Kolumne Mein Düsseldorf Wer bremst, verliert: Fahrrad-Pendler wollen freie Fahrt

Düsseldorf · Gerne klopft Rot-Grün sich auf die Schulter und vermeldet stolz vermeintliche Erfolge beim Ausbau des Radwegenetzes. Das zu fördern ist natürlich richtig und sicher ein löblicher Anfang. Aber es wird noch lange dauern, bis radelnde Menschen wirklich überall außer Lebensgefahr durch die Innenstadt fahren. Jedenfalls klingt es wie purer Zynismus, die Landeshauptstadt als fahrradfreundlich zu bezeichnen. Sie will es werden, gewiss - aber dieser Weg ist noch weit und wird erschwert durch mentale Steigungen und verkehrspolitischen Gegenwind.

Die Stadt wäre gut beraten, wenn sie auch das Thema "Radfernstrecken" ernster nehmen würde. Als ersten Schritt könnte man Verantwortliche einmal frühmorgens auf einen der Radwege entsenden, die aus umliegenden Gemeinden in die Stadt führen. Welchen man unter die Lupe nimmt, ist eigentlich egal - das Bild dürfte überall dasselbe sein. Eine wachsende Zahl von Pendlern (meist sind es übrigens Männer!) ist dort in die Stadt unterwegs (und abends hinaus), ausgerüstet mit hochwertigen Fahrrädern, oft E-Bikes, und stets mit hohem Tempo. Die Kleidung ist zweckmäßig, nur selten trägt man Helm und Windjacke zu Stoffhose, Jackett und Krawatte. Der fast immer mitgeführte Rucksack lässt ahnen, dass darin die Bürokluft steckt.

Aber leider sind diese Leute auf Strecken unterwegs, auf denen auch Freizeitradler, Jogger, Spaziergänger mit und ohne Hund, Nordic-Walker und andere Zeitgenossen laufen, traben, gehen oder schlendern. Und denen ist, anders als den Pendlern, die Zeit gerade mal ziemlich egal. Also sind Konflikte programmiert - und es gibt sie täglich: Wer schnell von A nach B will (oder muss), für den ist jeder andere ein Hindernis. Keiner hat Lust in die Eisen zu gehen und sich nachher wieder auf flottes Tempo nach oben zu strampeln. Da wird geschimpft, gepöbelt, gescheucht, im Weg stehende Hunde werden angefahren, Spaziergänger zum Sprung in die Böschung genötigt. Dass es bald zu schweren Unfällen kommen wird, ist jedem klar, der ein mit über 40 km/h vorbeizischendes E-Bike sieht und sich vorstellt, was passiert, wenn es mit einem Musik hörenden und daher ahnungslosen Fußgänger kollidiert. Die gängigen Routen sind zur Radler-Autobahn geworden - nur, dass auf diesen Schnellstraßen eine Menge anderer, viel langsamerer Leute ebenfalls des Weges sind.

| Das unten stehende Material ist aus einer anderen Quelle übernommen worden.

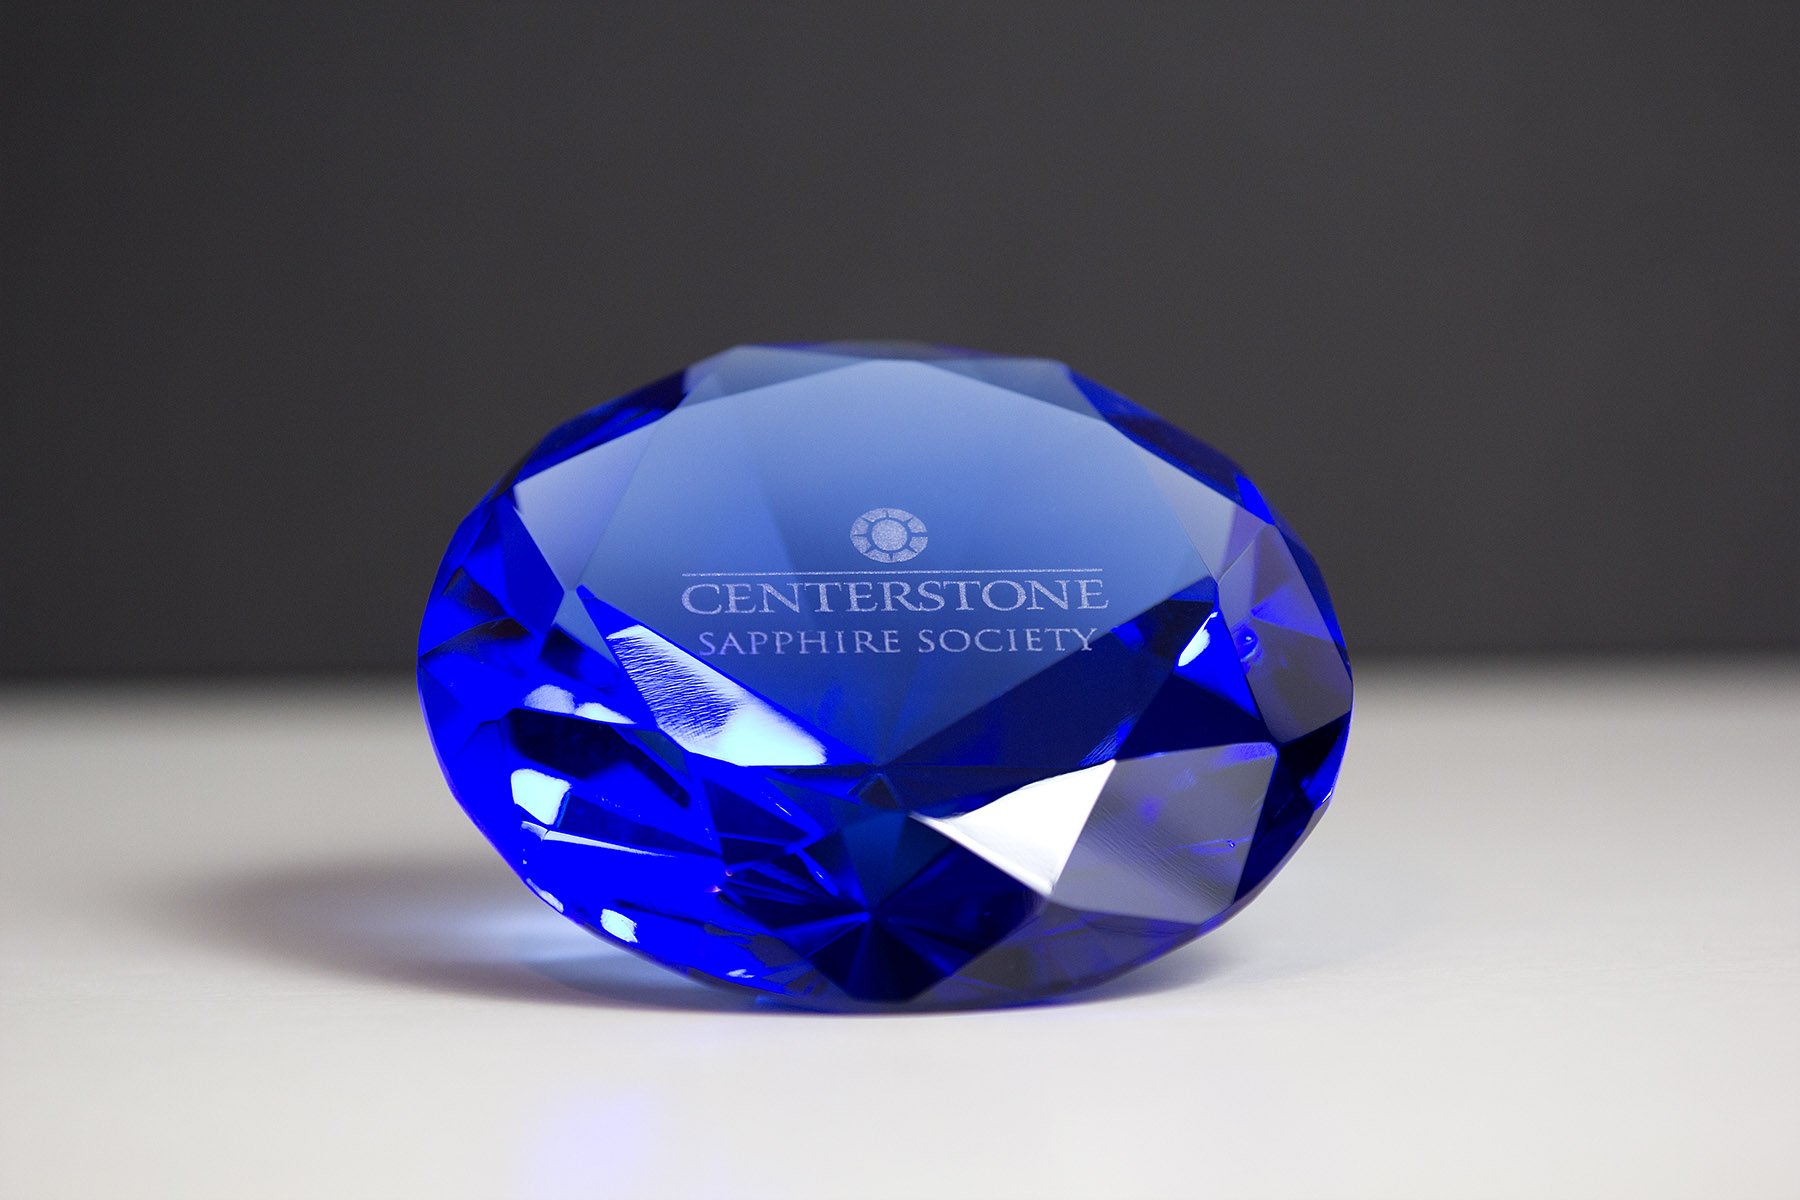 sapphire with Centerstone Sapphire Society image in center

Regeln werden meist ignoriert, derzeit gilt das Recht des Stärkeren/Schnelleren und eine Lösung ist nicht in Sicht. Denn die meisten dieser Strecken sind in Zeiten angelegt worden, als keiner ahnte, zu welchem Gedränge es da mal kommen würde. So oder so - auf die Stadt rollt etwas zu. Sie wird nicht ausweichen können, vor allem, wenn es erste Unfälle gegeben hat. Immerhin wurden noch keine Staus beobachtet, aber reichlich Geisterfahrer jeden Tag - denn nicht alle fahren rechts, sondern flitzten fröhlich da lang, wo sie meinen, am besten durchzukommen. Übrigens gern mit aufgeblendeten LED-Lichtern, die an einen Porsche auf der linken Spur der A 3 erinnern.

An diesen schönen Frühlingstagen herrscht dort morgens und am frühen Abend jedenfalls die pure Anarchie mit nur einer Regel: Wenn's geht, nicht bremsen!